By Matthew Bretzius posted 05-10-2013 09:47

  

This is a guest post by Dana Louise Simberkoff, Vice President of Risk Management and Compliance, AvePoint

(Note: This is part of our series “Collaborate with Confidence”. Previous posts: Optimize Microsoft SharePoint to Collaborate with Confidence)

In 2013 and for the foreseeable future, enterprise organizations are facing dramatic cuts in their budgets, yet still being held to as high a standard as ever for performance and service. At the same time, they face unprecedented challenges in an ever-changing regulatory and hyper-competitive environment.  Against the backdrop of drastic industry-wide cost cuts that are leading to infrastructure consolidation mandates – and the disruptive technology trends of Bring Your Own Device (BYOD), enterprise social, private cloud, and big data access – IT organizations must focus on providing the right level of infrastructure and strategic systems to enable businesses to be self-sustaining. The need to react to an ever-changing environment is often impeded by the lack of a unified compliance strategy.

Successful infrastructure management creates increasing compliance pressures for enterprise organizations. Organizations face the question of how to adopt a flexible, collaborative platform and social initiatives while simultaneously ensuring compliance with a growing set of regulations and mandates. Common compliance challenges in infrastructure management include the need to:

  • Automate access and permissions control
  • Enhance protection of intellectual property and sensitive customer data
  • Mitigate the risk of accessibility, operational security, privacy, and site quality violations
  • Provide an accessible, unified platform for sharing information
  • Reduce manual reporting to ensure accuracy and the growing needs of auditors
  • Swiftly identify non-compliant events

A compliance program must include three very important pillars – people, processes and technical enforcement. If Microsoft SharePoint is the system around which an organization is designing the compliance program, it is important to understand who within the organization is using it, what they are using it for, and what kinds of requirements (privacy, information security, etc.) are required either by law, statute, or internal policy.

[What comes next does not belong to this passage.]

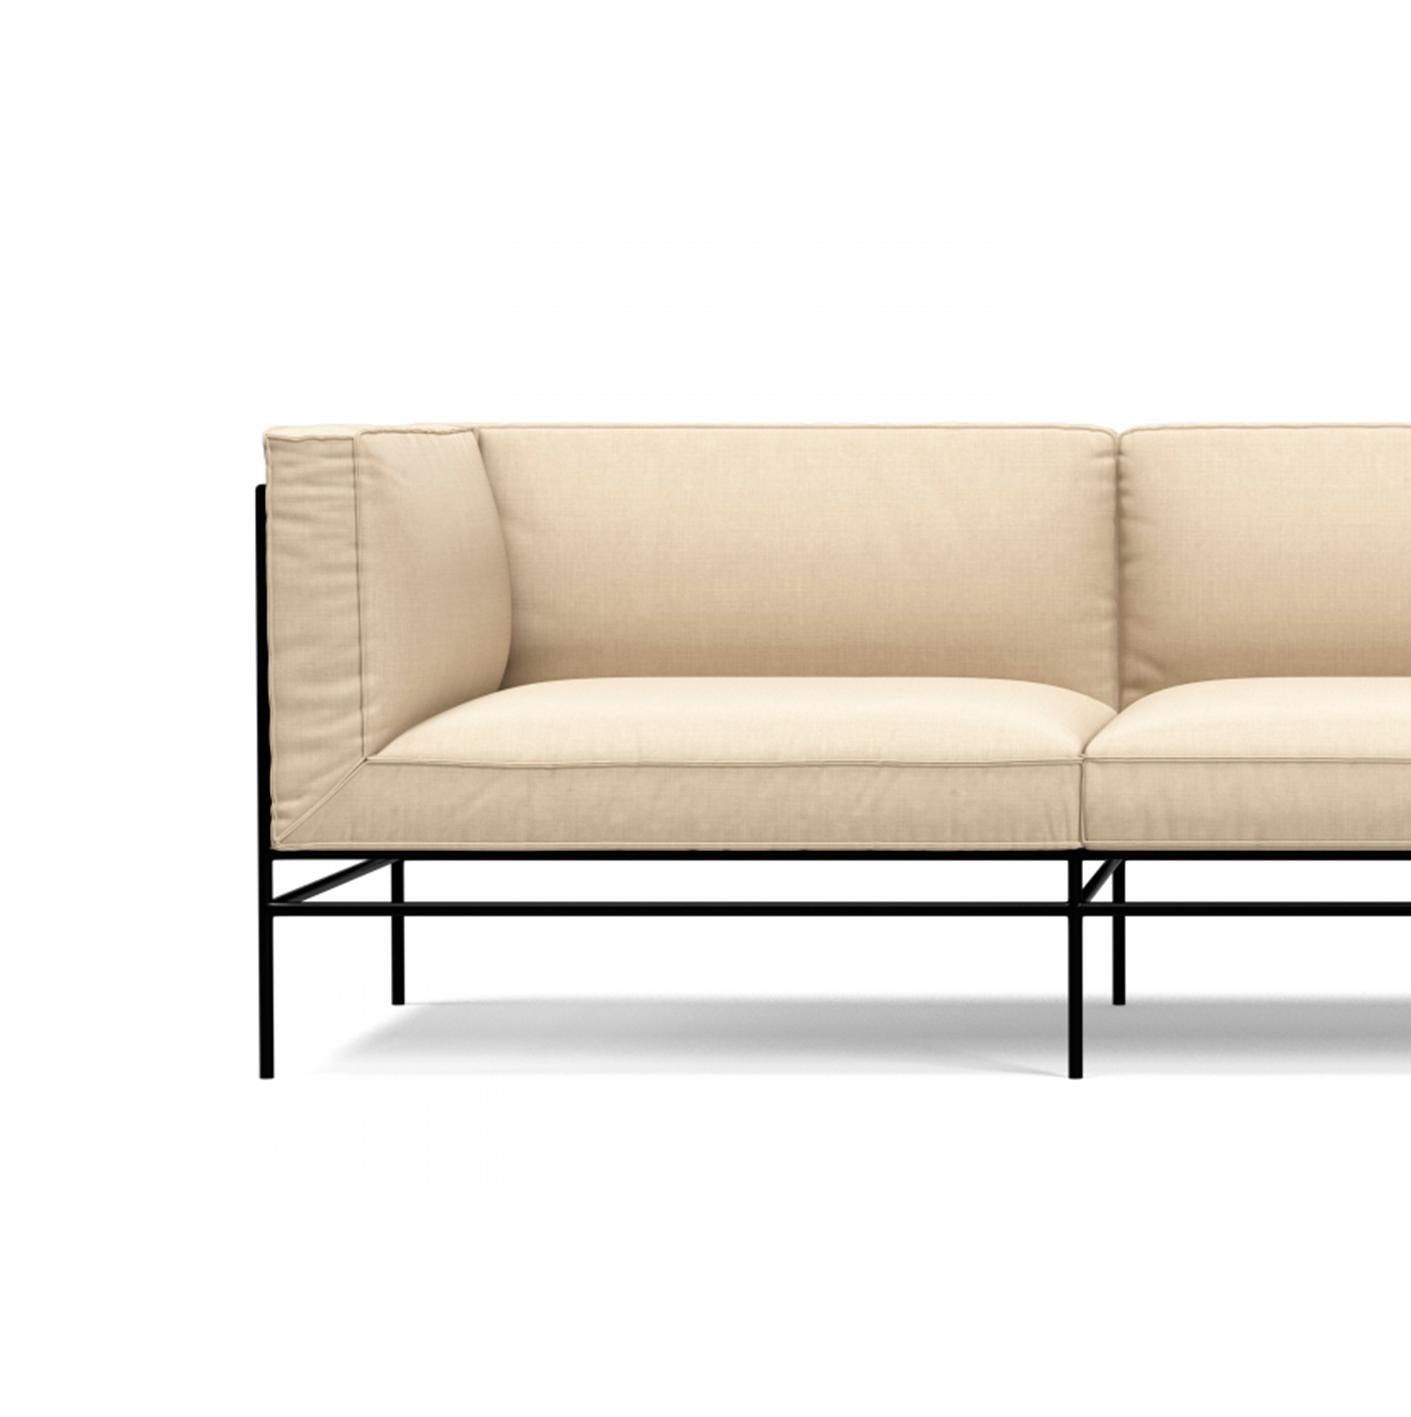  'Middleweight' Three Seater Sofa by Michael Anastassiades for Karakter

Middleweight is Michael Anastassiades’ very first upholstered piece of furniture. The piece captures the best of two worlds, the Italian super lounge sofa on one side and the

This understanding will allow a company that is undertaking a server and infrastructure consolidation to analyze their existing SharePoint environment in order to identify areas of non-compliance, prioritize the business needs (based on metrics and policy), diagram new security and access boundaries, architect in governance and security, undertake migration to a “compliant environment”, and maintain control.

One proven approach to achieving this end is the creation of a “model farm”. This farm can be developed in a staging environment to prototype the business uses of SharePoint across the organization; appropriate organizational polices for access, privacy, and information security for those business uses; and also the technical implementation or how to technically achieve those business and policy objectives through the use of automation and oversight. This model farm can then be used as a blueprint for development efforts going forward. It can be utilized as part of a centralized deployment strategy and/or as part of a hybrid on-premises cloud environment to ensure standardization and inter-operability. This provides the best of both worlds and ensures that the business maintains an “always on” environment, and that the information required across the business critical systems is always available and discoverable.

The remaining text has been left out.